Relevant document: 9th Report from the Secondary Legislation Scrutiny Committee (Sub-Committee B) My Lords, these regulations set out the detailed legal framework for the United Kingdom’s new domestic civil nuclear safeguards regime after withdrawal from the European Atomic Energy Community, Euratom. The regulations are made under powers set out in the Nuclear Safeguards Act 2018 and in the Energy Act 2013, as amended by that Act. They will replace the current legal framework provided principally by the UK’s membership of Euratom. The territorial extent and application of these regulations is England, Wales, Scotland and Northern Ireland.
The regulations are linked to the Nuclear Safeguards (Fissionable Material and Relevant International Agreements) (EU Exit) Regulations 2018, which we have just considered and passed, and they set out the definitions of “Fissionable Material” and “Relevant International Agreements”.

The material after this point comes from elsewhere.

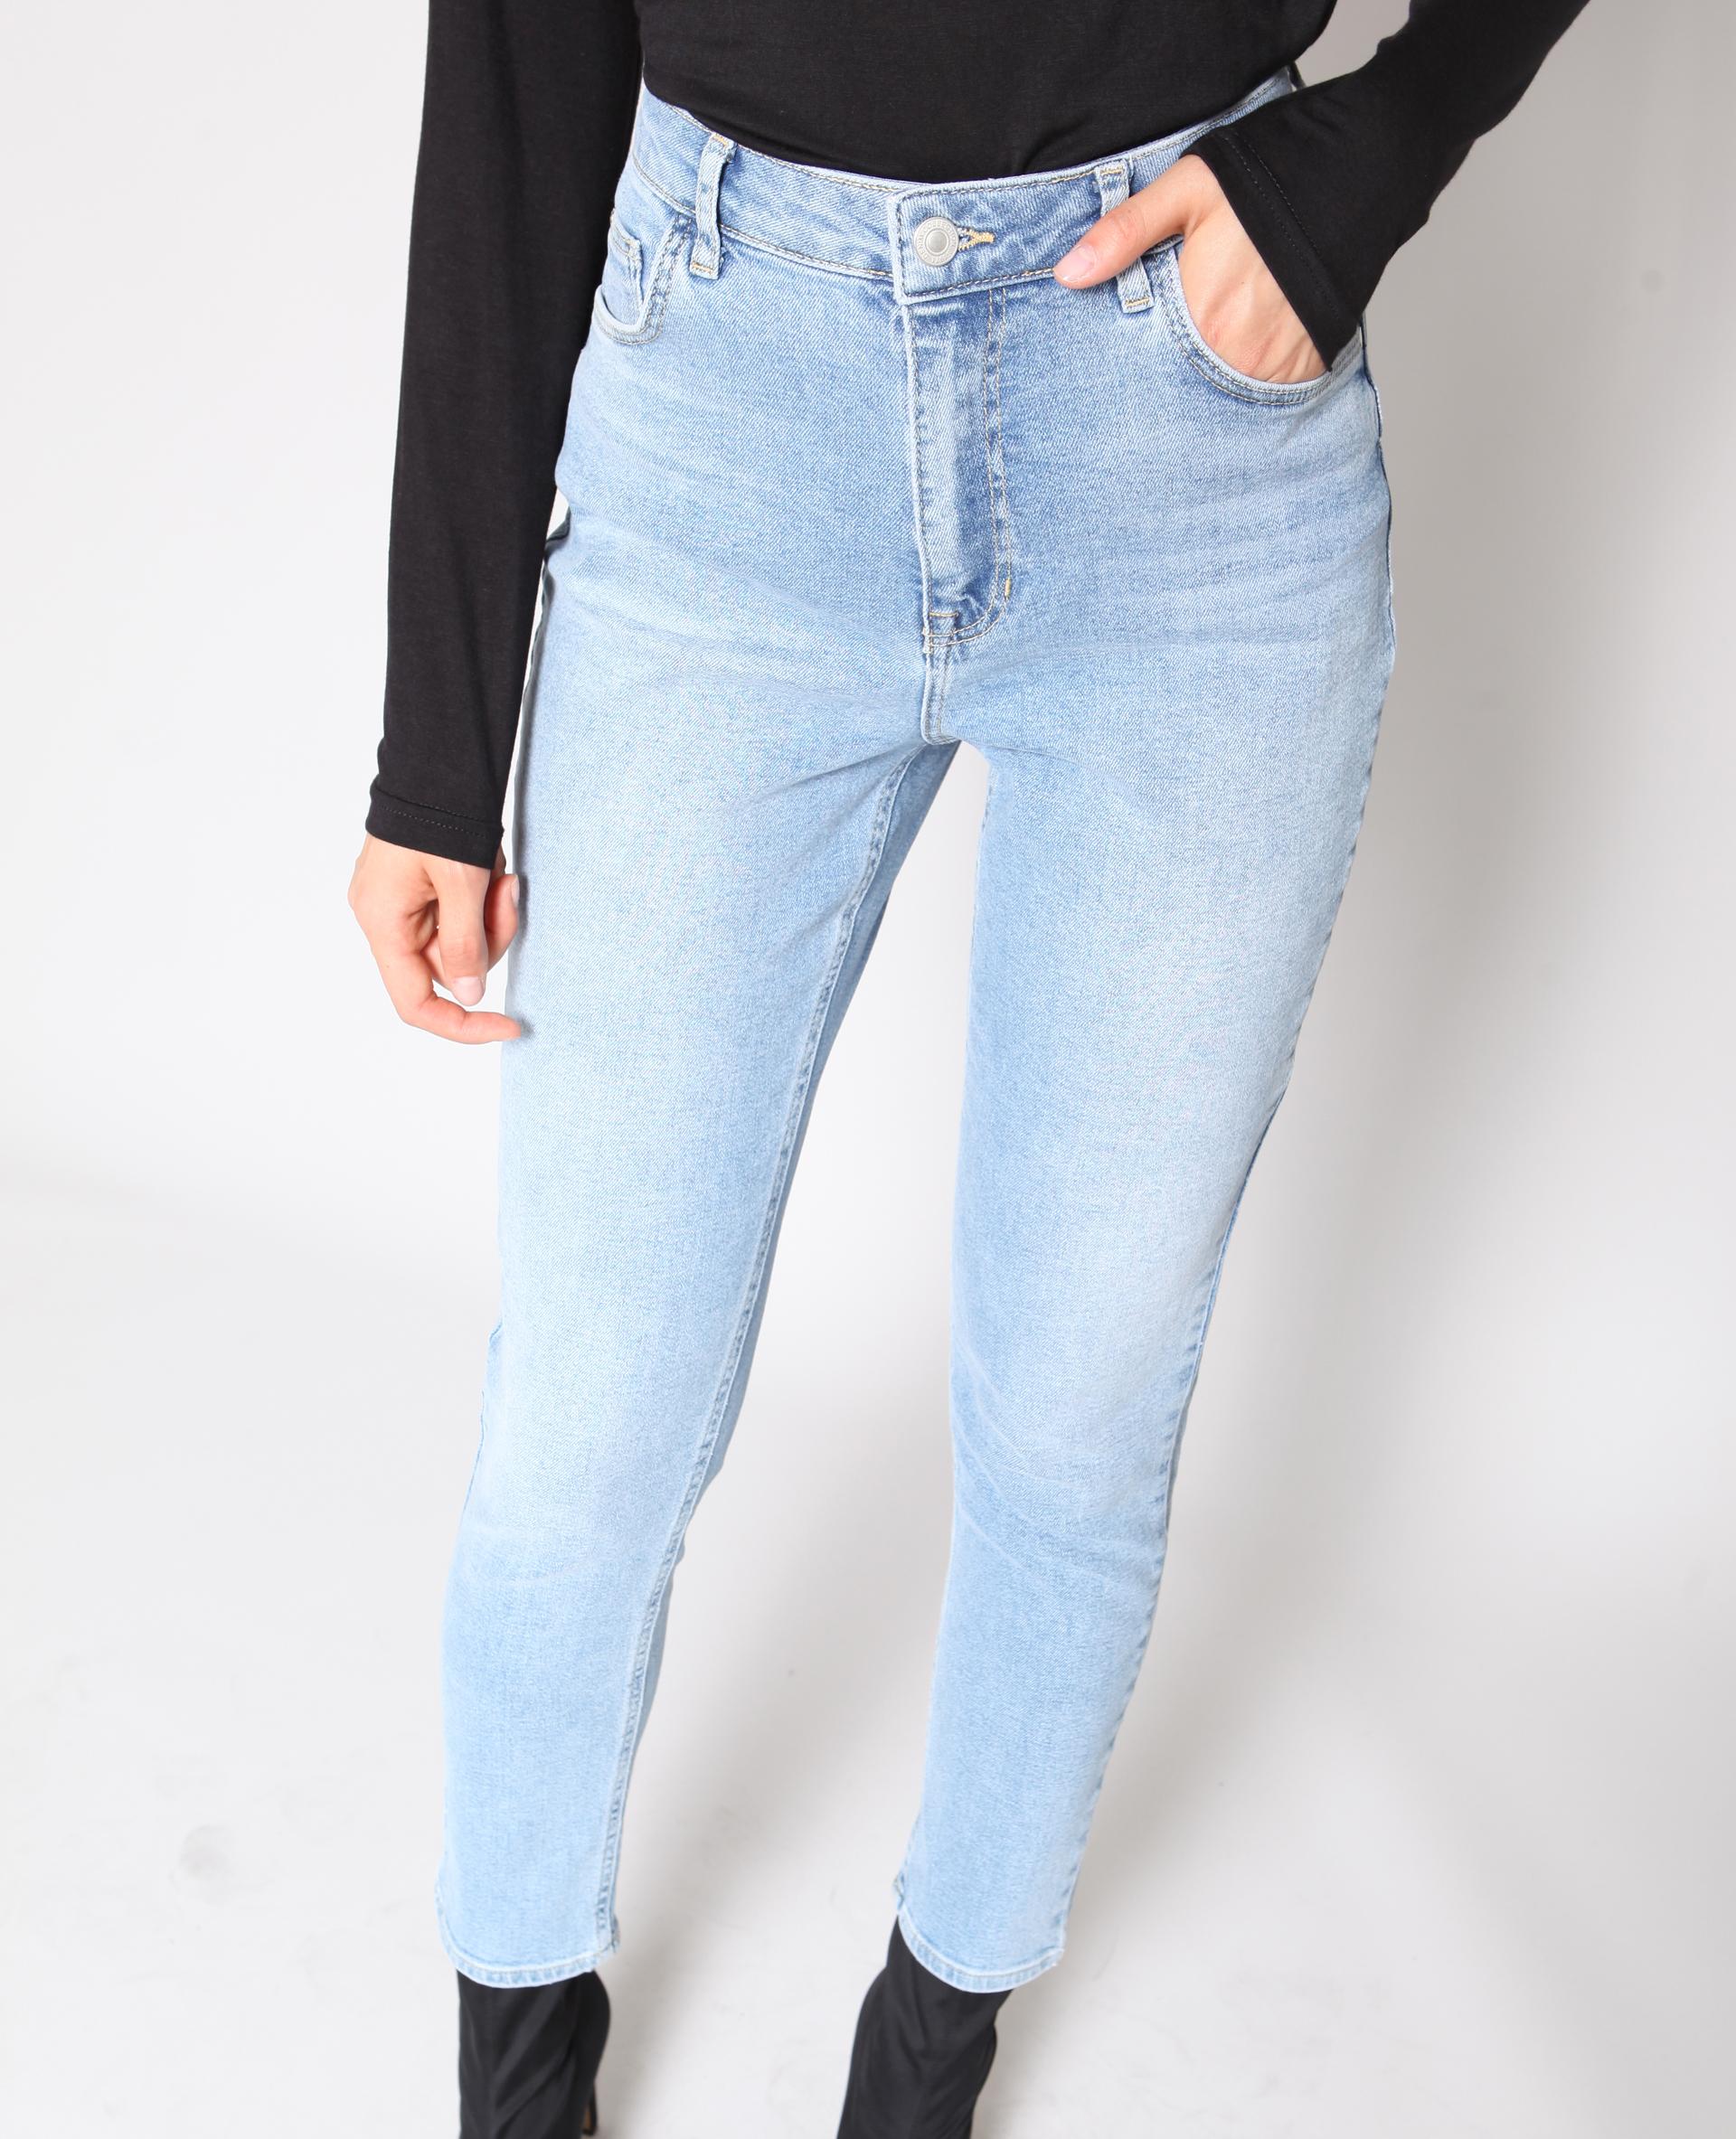 Jean slim taille haute bleu - Pimkie

As explained in my earlier speech on the fissionable material regulations, nuclear safeguards are accounting, reporting and verification processes designed to demonstrate that civil nuclear material is not diverted unlawfully into military programmes. This is distinct, as I made clear, from nuclear safety or security. Our approach is to establish a regime that will be equivalent in effectiveness to that currently provided by Euratom. The regime will operate in a similar way to the existing arrangements, taking account of best practice in UK regulation-making and considering the need to minimise disruption to industry.
These regulations, together with our international agreements, allow the ONR to deliver a safeguards regime that meets our international obligations from day one of exit. The ONR’s capacity and expertise will build over time to be equivalent in effectiveness and coverage to that currently provided by Euratom, by December 2020. This will fulfil our policy intent and is the means by which the UK will exceed the commitments that the international community expects us to meet. Both the Euratom regulation and the nuclear safeguards regulations are structured to require information concerning nuclear safeguards to be supplied to the relevant entity, whether the Commission or the ONR, which the regulator may then forward, as appropriate, to the IAEA.
The Nuclear Safeguards Act 2018 passed through Parliament last year. This Act gives the Secretary of State powers to make regulations giving effect to the UK’s new domestic nuclear safeguards regime following our withdrawal from Euratom. The 2018 Act also empowers the ONR as the regulator for safeguards. ONR already regulates nuclear safety and security.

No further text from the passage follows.